Страх, между тем, – страху рознь.
Расписавшись в конце своих дней в полном неведении мира, Сократ признался в метафизическом, экзистенциальном, крайнем отчаянии, которое овладевает душой, теснимой со всех сторон этим самым безграничным и безгранично устрашающим миром. Устрашающим как равнодушием своим, так и неотступностью проклятых вопросов, которые он порождает.
Платон, однако, благоговейно слушавший Сократа, пришёл к заключению, что философски (т.е. нравственно и эстетически) верная реакция на вынесенный учителем вердикт не может ограничиваться лишь его повторением. Этот вердикт следует также… пережить. А значит, – переосмыслить. Те же вопросы, которые мучили Сократа, были поставлены учеником… ещё раз. Заново. Пусть Сократ и осмысливал их так, как умел "аж сам" Сократ, мыслитель, ведавший о жизни больше других и судивший о ней глубже и шире, – Платон не отчаялся в мире. А если и отчаялся, то не потому, что отчаялся и Сократ, а потому, что, как и Сократ, он этот мир "пережил".
Платон не стал и убегать в себя. Не стал отметать всего, что есть не он сам, – не отвернулся от того же мира. Вместо этого и всего неназванного он избрал сопротивление. Спор. Ради чего и назвал в качестве своих воображаемых собеседников подлинных гигантов от рассудка: Парменида и Гераклита. Диалоги с ними он завершал… – да, всё теми же словами Сократа, но мы, читатели, доверяем неизменно современной поэтике Платона именно и только потому, что он повторил духовный путь наставника: хождение по мукам размышлений над вечными вопросами. В любом ином случае знание вечных истин или хотя бы вечных вопросов – это знание не их самих, истин и вопросов, а о них. Знание касательно этих истин и вопросов. Информация о них.

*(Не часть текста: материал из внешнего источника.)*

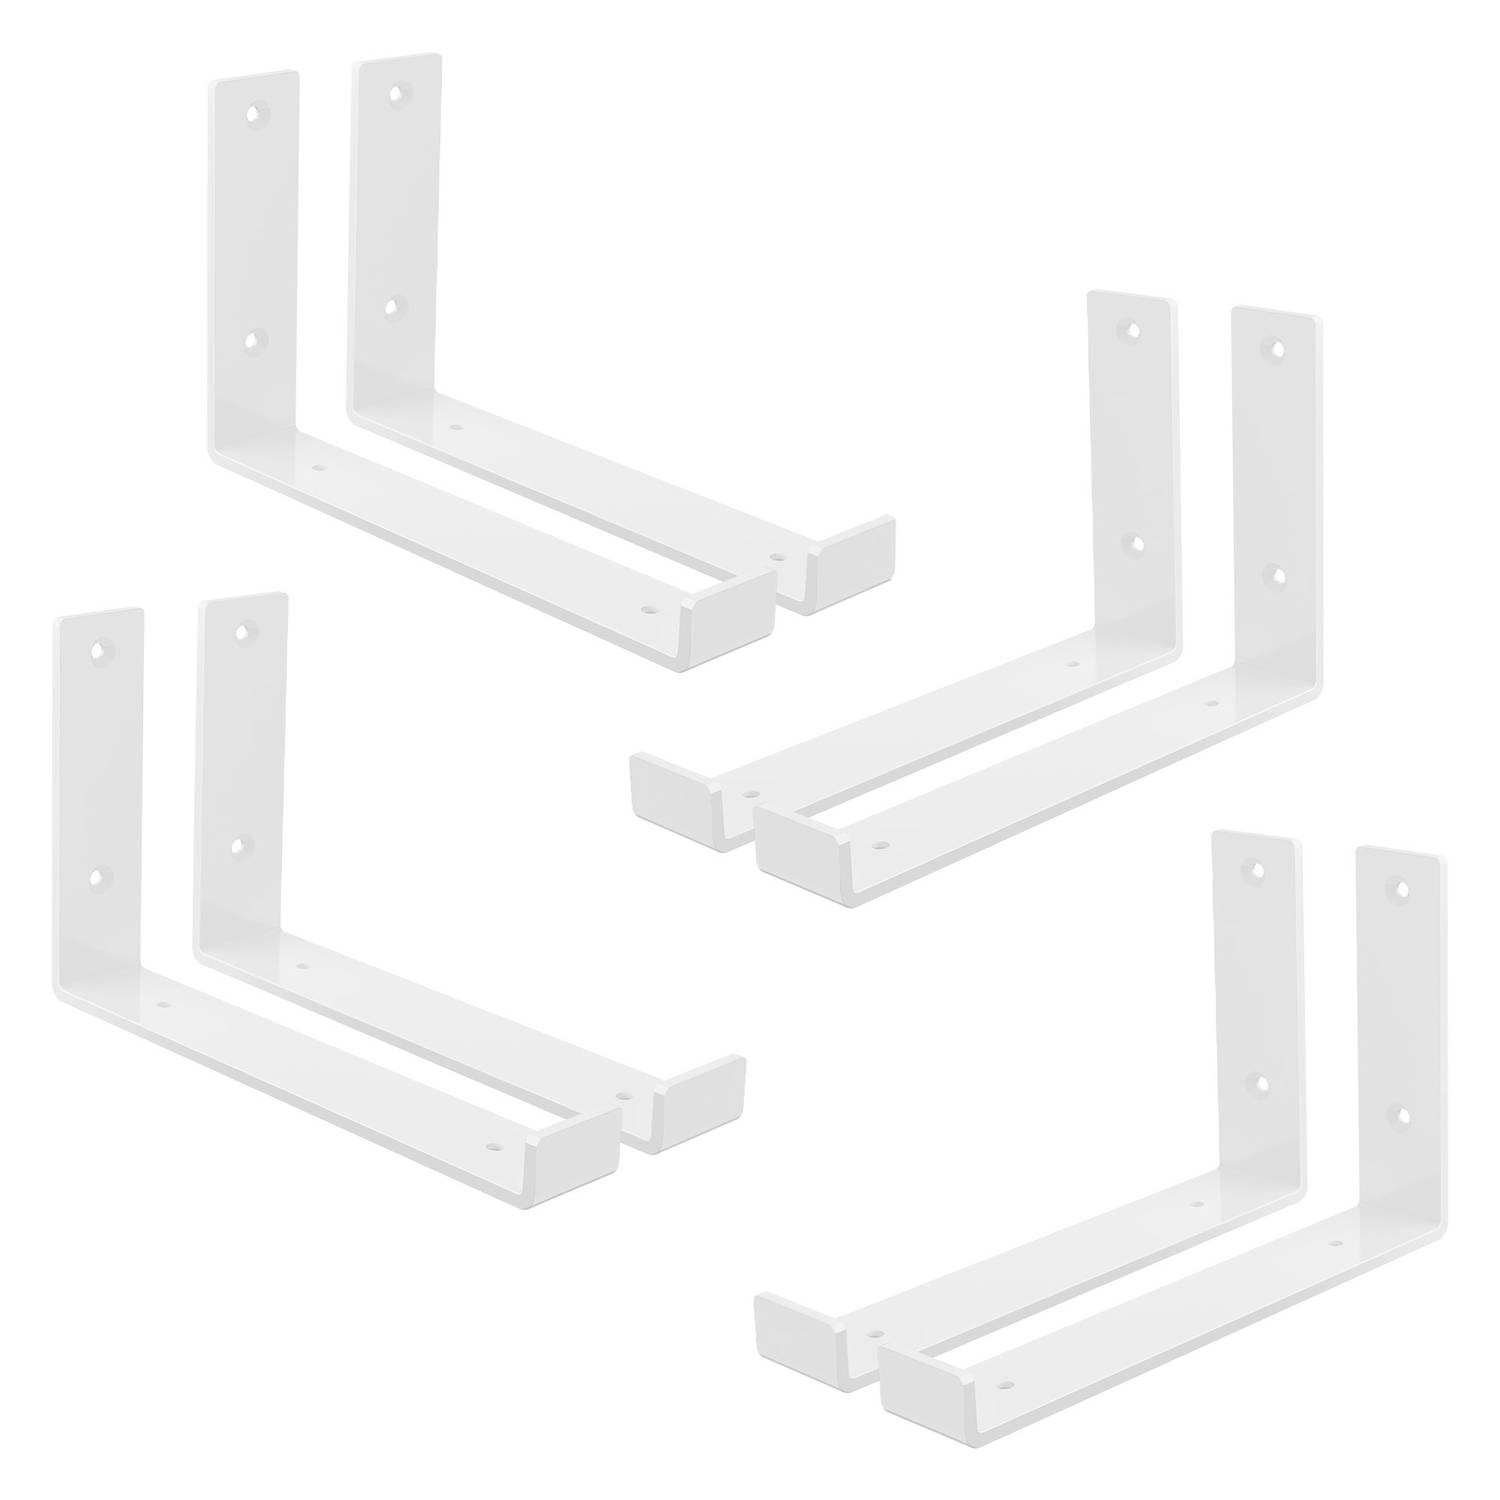 ML-Design 8 stuks plankbeugel 25x4x14 cm, wit, gemaakt van metaal, 10 inch plankbeugels, industriële plankbeugels, planksteun voor wandmontage, 90 graden wandbeugel, L-vormige wand
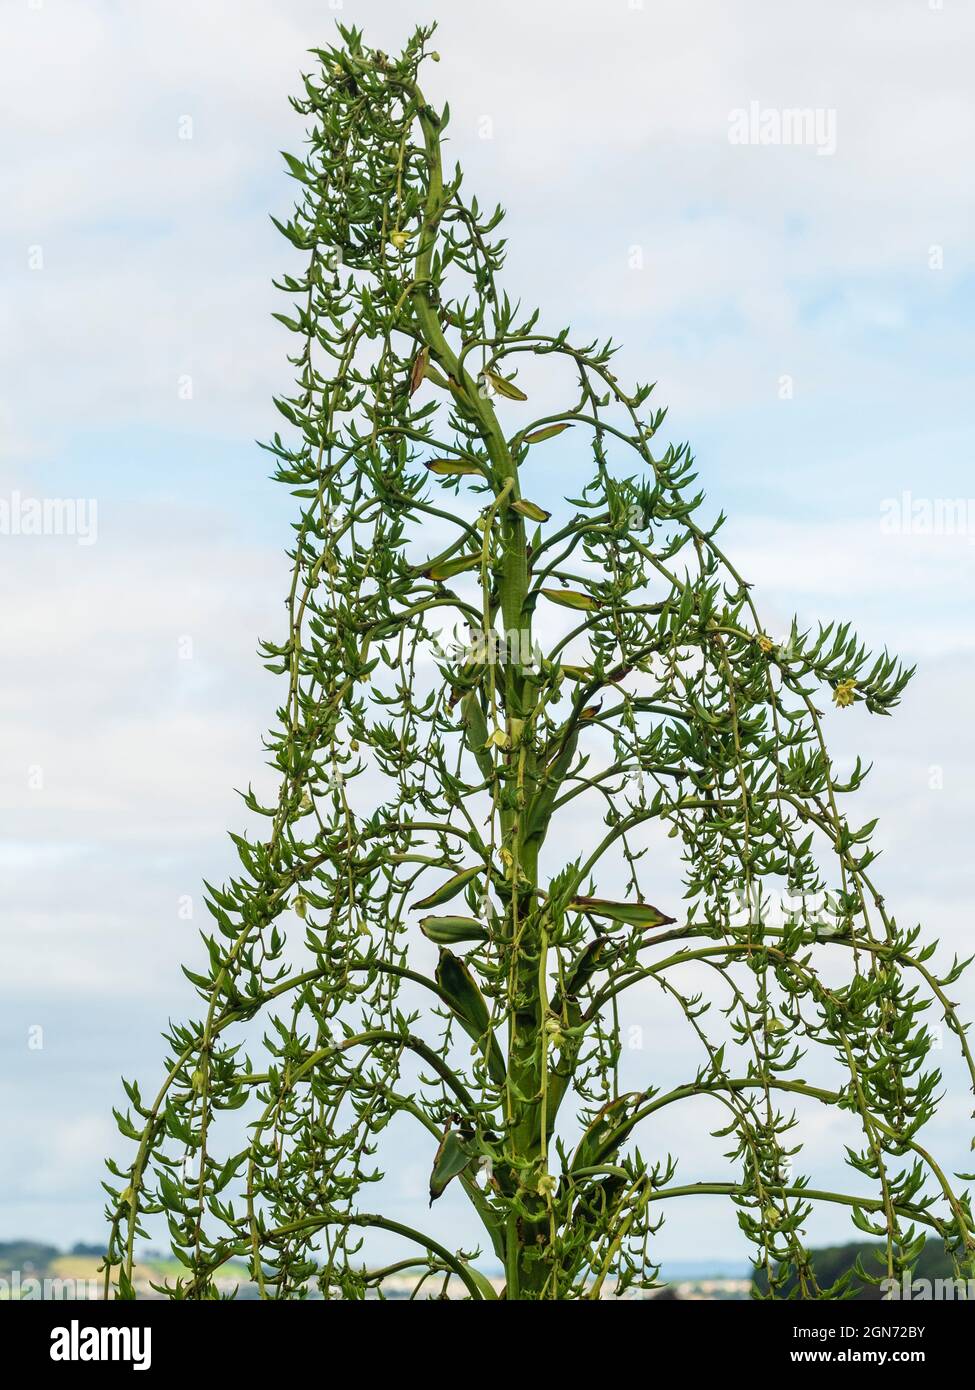 Panicule de fleur géante de l'exotique Yucca relative Furcraea longaeva montrant des bulbilles en développement Banque D'Images

История поэзии, как и история человека, – это история Сизифова труда. Но, по аксиоматической формуле Камю, пусть мы и сознаём, что наши муки, увы, тщетны, наша же нравственность не должна позволять нам ничего иного кроме… воспроизведения Сизифова подвига: толкания каменной глыбы в гору. Все истинные художники обречены как раз на тщетный подвиг – и все в этой мере беспомощны. Истинных поэтов роднит чувство экзистенциального отчаяния. Просто знать о существовании этого чувства, наслышаться о нём – этого мало. Его надо пережить. Поэтому и сочинения "метафизических" поэтов, пусть и "бесполезные", есть не что иное, как такое немыслимое в природе молчание, которое преодолевает себя посредством слов. Истинное, как и истинно историческое, т.е. современное, – метафизично.
Подобно прочим формам художественного труда, поэзия есть попытка "осовременить" метафизическое. Расшифровать сущее и представить его в том или ином порядке. Предложить альтернативу. Именно это и превращает творчество в бунт, смысл которого – не в попытке "петь по-свойски" и поражать угодливой новизной "утонченный" слух десятка угодливых слушателей, а в сотрясении самих основ равнодушно молчащего мира. К этому и сводится единственно приемлемая революция, ибо она, как в том сновидении Ивана Карамазова, не требует жизни взамен за справедливость и красоту. Если она и ждёт жертвы, – то лишь отказа от мелочности и эгоизма.
Поэзия – это цивилизованный рывок к несбыточной гармонии, но её благородство заключается в бунтарской, разрушительной природе самого рывка. Который только и способен оградить нас от разрушений извне. Поэзия – наш воображаемый отпор сплющивающему нас давлению со стороны реальности. И силу для такого отпора мы способны обретать как раз в результате сквозного, беспощадного и крайне болетворного – "хирургического" – анализа реальности. Только в этом случае наше противодействие реальности, наше поэтическое "действо" действененно, и только в этом случае оно приметно.